If the reduced footprint data center scales to a full-sized data center, the TPM-based KMS described above can be migrated to an HSM-based KMS. A bare metal host with an HSM storing keys signed using the traditional KSC can be added to the reduced footprint data center. The HSM root key can be used to encrypt/decrypt the MEK of the KMS operating in the reduced footprint data center, transitioning from the TPM key. Customer software keys can then be imported into the HSM if the customers want hardware keys in the reduced footprint data center. Otherwise, the KMS can operate using the HSM root key to decrypt the MEK as necessary.

Numerous advantages can be realized by removing services from the Substrate. Services teams can eliminate duplicated work (e.g., networking configuration for Underlay and Overlay connectivity), a CSP can completely eliminate some services, compute and storage capacity becomes fungible across all services in the Overlay, and service connectivity is greatly simplified. Services teams can be agnostic about the configuration of their services. If the hosts are provisioned to communicate with the Substrate Access VCN, then the services function as any other customer service. Importantly, a reduced footprint data center does not dedicate a significant fraction of its computing resources to CSP services from the beginning in an unchangeable way. If the CSP services can be scaled down to meet customer needs, the freed resources can be provided to the customer without the need for a physical scale-up. In a complementary way, CSP services can also scale-up in the same way as customer services, since the CSP services now reside in the CE Overlay network. In the particular case of KMS, the techniques described herein allow for a KMS that retains the same security posture and root trust as a conventional data center without the laborious manual key signing process as well as the omission of dedicated HSM equipment in the reduced footprint data center.

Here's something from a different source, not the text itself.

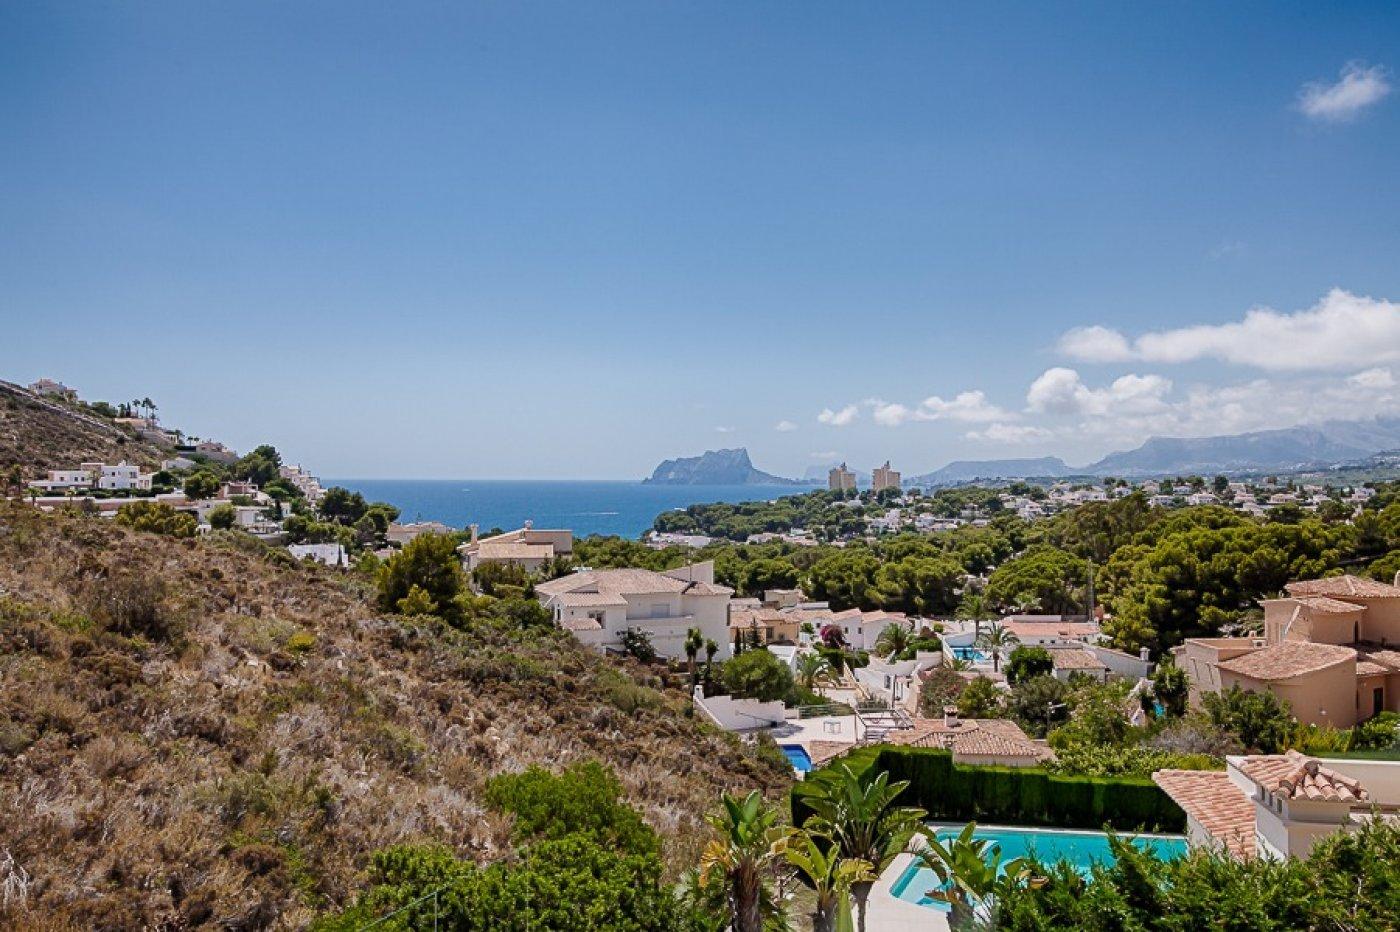 Nouvelle villa moderne avec d'excellentes vues sur la mer à El Portet
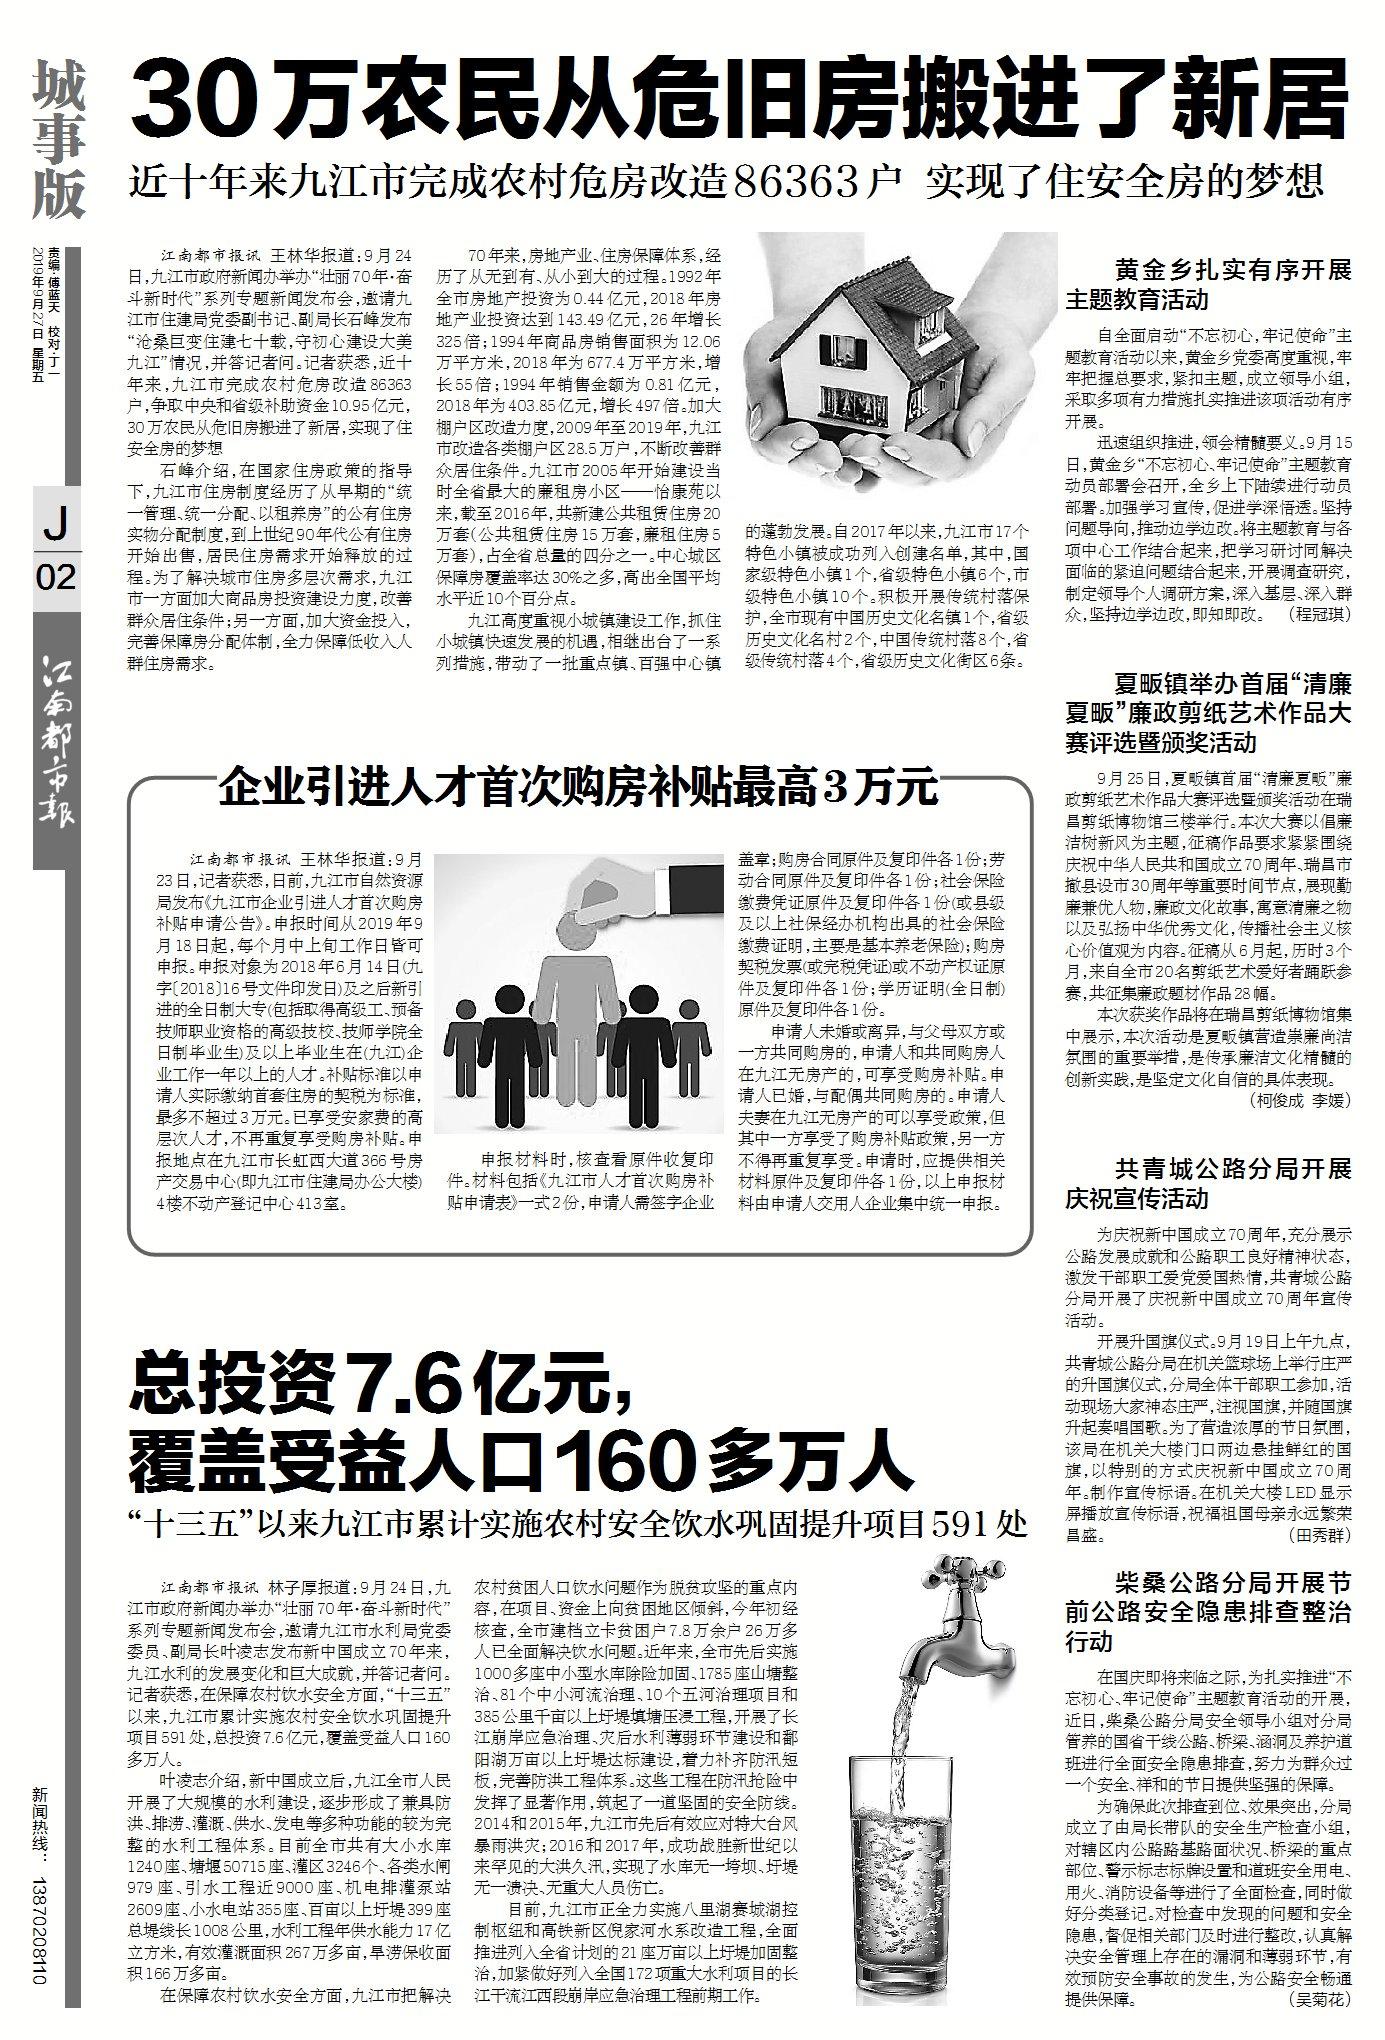 2019年9月27日江南都市报《亚博体育app苹果新闻》2版

Turning now to the figures, FIG. 1 is a block diagram illustrating an example system architecture of a reduced footprint data center 100 including an initialization device 102. As shown in FIG. 1, the reduced footprint data center 100 can include six racks of server devices. The racks may be referred to as “Butterfly” racks. The reduced footprint data center 100 can include Butterfly rack 110, Butterfly rack 120, Butterfly rack 130, Butterfly rack 140, Butterfly rack 150, and Butterfly rack 160. In some embodiments, the racks can be identical. For example, Butterfly rack 110 can include the same number of computing and/or networking devices as each other Butterfly rack 120-160.

Butterfly rack 110 can include two top-of-rack (TOR) switches 106, 108. The TOR switches 106, 108 can each include one or more networking switches configured to provide network communication between the server devices and other computing devices within Butterfly rack 110 as well as one or more networking connections to the other Butterfly racks 120-160 and or other networks including customer network 114.

The Butterfly rack 110 can also include a BIOS device 102. The BIOS device can be a server device configured to execute one or more processes to provide a set of “core services” within the reduced footprint data center 100 during startup/boot processes. The BIOS device 102 can configure one or more components of the reduced footprint data center 100 during startup. For example, the BIOS device 102 can send network configuration information to a networking device within the Butterfly racks 110-160. The networking device can be a SmartNIC attached to a server device within the Butterfly racks 110-160. As another example, the BIOS device 102 can send network configuration information to a substrate access VCN. The substrate access VCN can be deployed to one or more hosts within the reduced footprint data center 100. For example, VMs executing in the Butterfly racks 110-160 can be configured to be a substrate access VCN. The substrate access VCN can be configured to provide networking routes between one or more other VCNs (e.g., customer VCNs) and the networking devices (e.g., SmartNICs) and other networking components of the substrate services that now execute in their own VCN in the Overlay.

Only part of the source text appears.